Stage 2: Primary Abnormality Detection. MedGemma identified the most relevant clinical finding visible in the image, constrained to observable features to reduce overinterpretation.
Stage 3: Model-Card Matching. MedGemma selected the most appropriate model from a repository of model cards, matching both modality and clinical context, or abstaining when no suitable option existed.
This transformed model selection into a structured reasoning process rather than a manual decision. Even with structured prompts, outputs could vary. To improve reliability, we introduced an answer-selection mechanism that:
Considered both the top prediction and the second-most likely alternative
Selected the second option if it met a confidence threshold
This approach improved routing accuracy by approximately 10% and improved calibration, resulting in a system that was more accurate, transparent, and auditable.
Role 2: Specialty-Level Deployment
The second role focused on reducing the complexity of deploying clinical AI models. In many healthcare systems, each task requires a separate model, and even within a single specialty, multiple models are used for different tasks. Each must be validated, integrated, and maintained independently, creating significant overhead.
To address this, we evaluated whether MedGemma could be fine-tuned at the specialty level to support multiple tasks within a single model. Instead of training one model per dataset, tasks were grouped by clinical specialty, and MedGemma was adapted to handle multiple tasks within that domain. This shifted effort from building new models to adapting a shared model.
Across datasets and specialties, we observed consistent patterns:
The base (zero-shot) model performed modestly
Specialty-specific fine-tuning improved performance significantly
Fine-tuned models approached task-specific benchmarks
For example, in pathology and ophthalmology tasks, fine-tuned MedGemma achieved performance comparable to specialized models while maintaining a unified deployment framework.
By reducing the number of models required, this approach simplified:
Validation and regulatory review
Integration into clinical systems
Monitoring and maintenance
This made it easier to scale clinical AI without increasing system complexity.
What This Means for Clinical AI Systems
A key insight from this work was that clinical AI performance depends as much on workflow design as on model accuracy. MedGemma was effective not because it replaced all components, but because it operated within a structured system:
In model selection, staged reasoning enabled consistent decision-making.
In deployment, specialty-level adaptation enabled reuse across tasks.

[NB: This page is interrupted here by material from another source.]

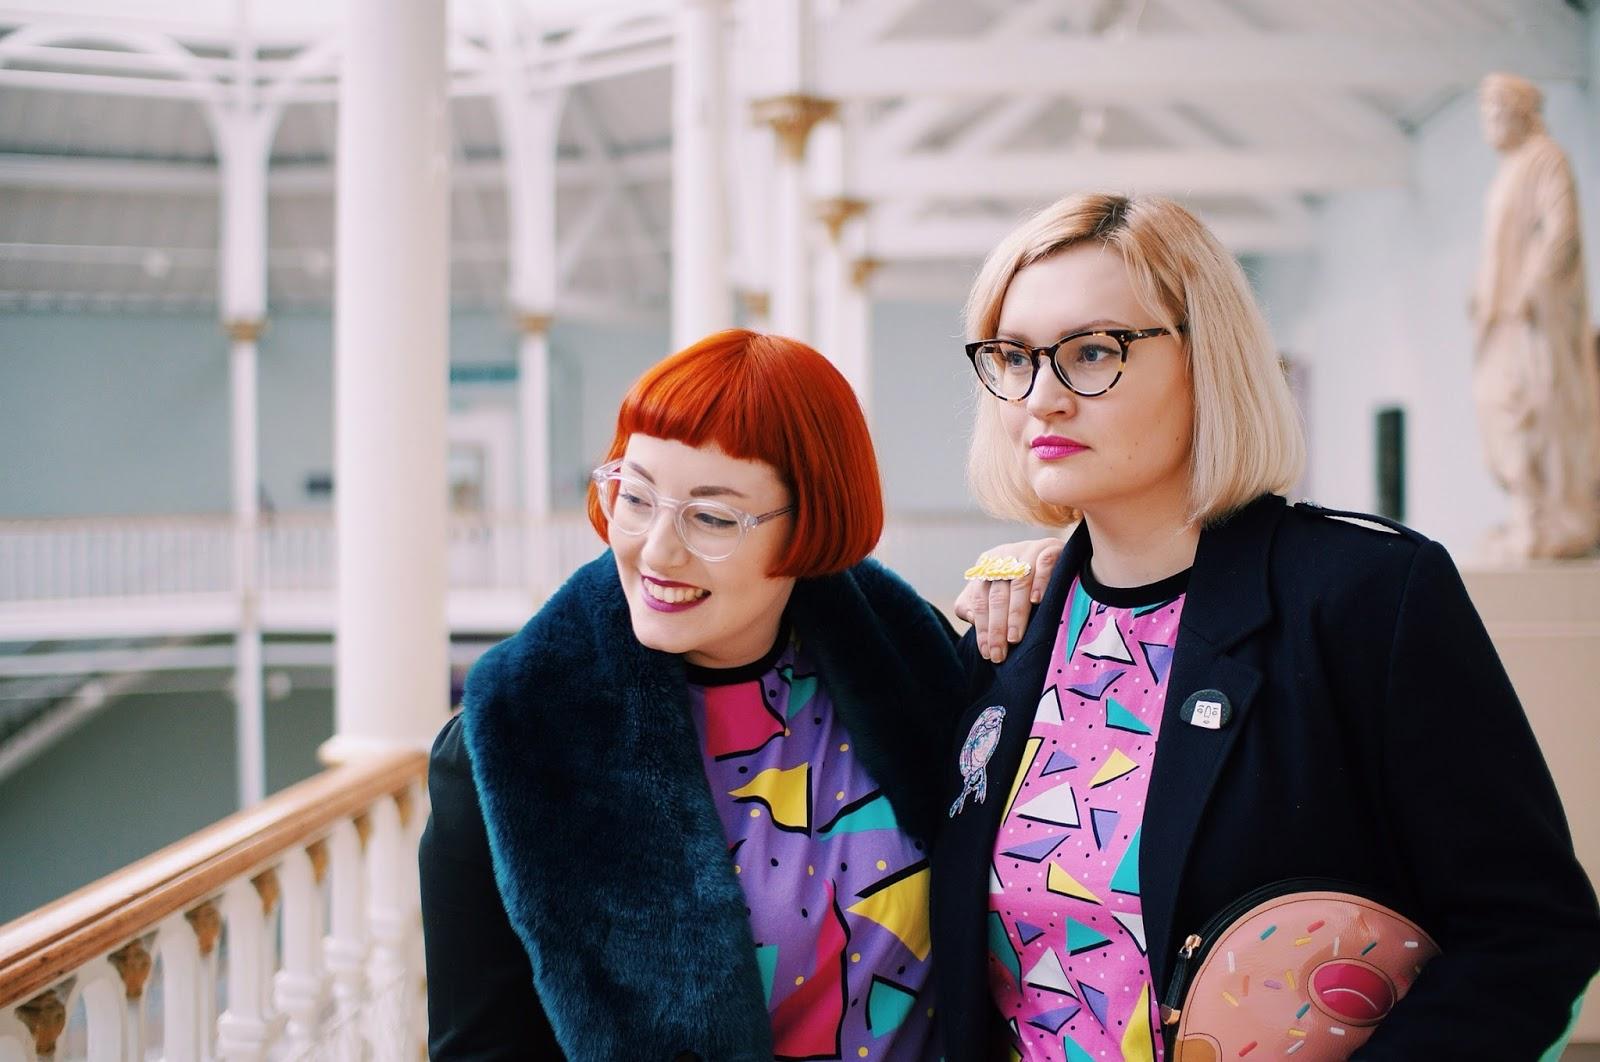 Helen and Kimberley, Wardrobe Conversations, Boya Shen, moveit video project, YouTube, National Museum of Scotland, photoshoot, Scottish bloggers,

This reflected a broader shift in clinical AI:
From isolated models → to integrated systems
From single predictions → to structured decision processes
From task-specific pipelines → to reusable model components
Within nMAS, the unified approach enables models to be selected, adapted, and deployed within a coordinated system, bridging the gap between model development and real-world use.
How This Fits Into Nimblemind’s Approach
At Nimblemind, we focus on building systems that can operate over multimodal clinical data and integrate AI into real-world workflows. This work reflects that approach by evaluating MedGemma as part of the nMAS, which coordinates structured prompting, model selection, and deployment across clinical tasks.
Rather than optimizing for a single benchmark, the goal was to create systems that were:
Transparent - decisions can be inspected and audited
Scalable - new tasks can be added without redesigning the system
Maintainable - fewer models reduce operational complexity
By combining model selection and deployment within nMAS, we moved closer to clinical AI systems that are both effective and practical in real-world settings.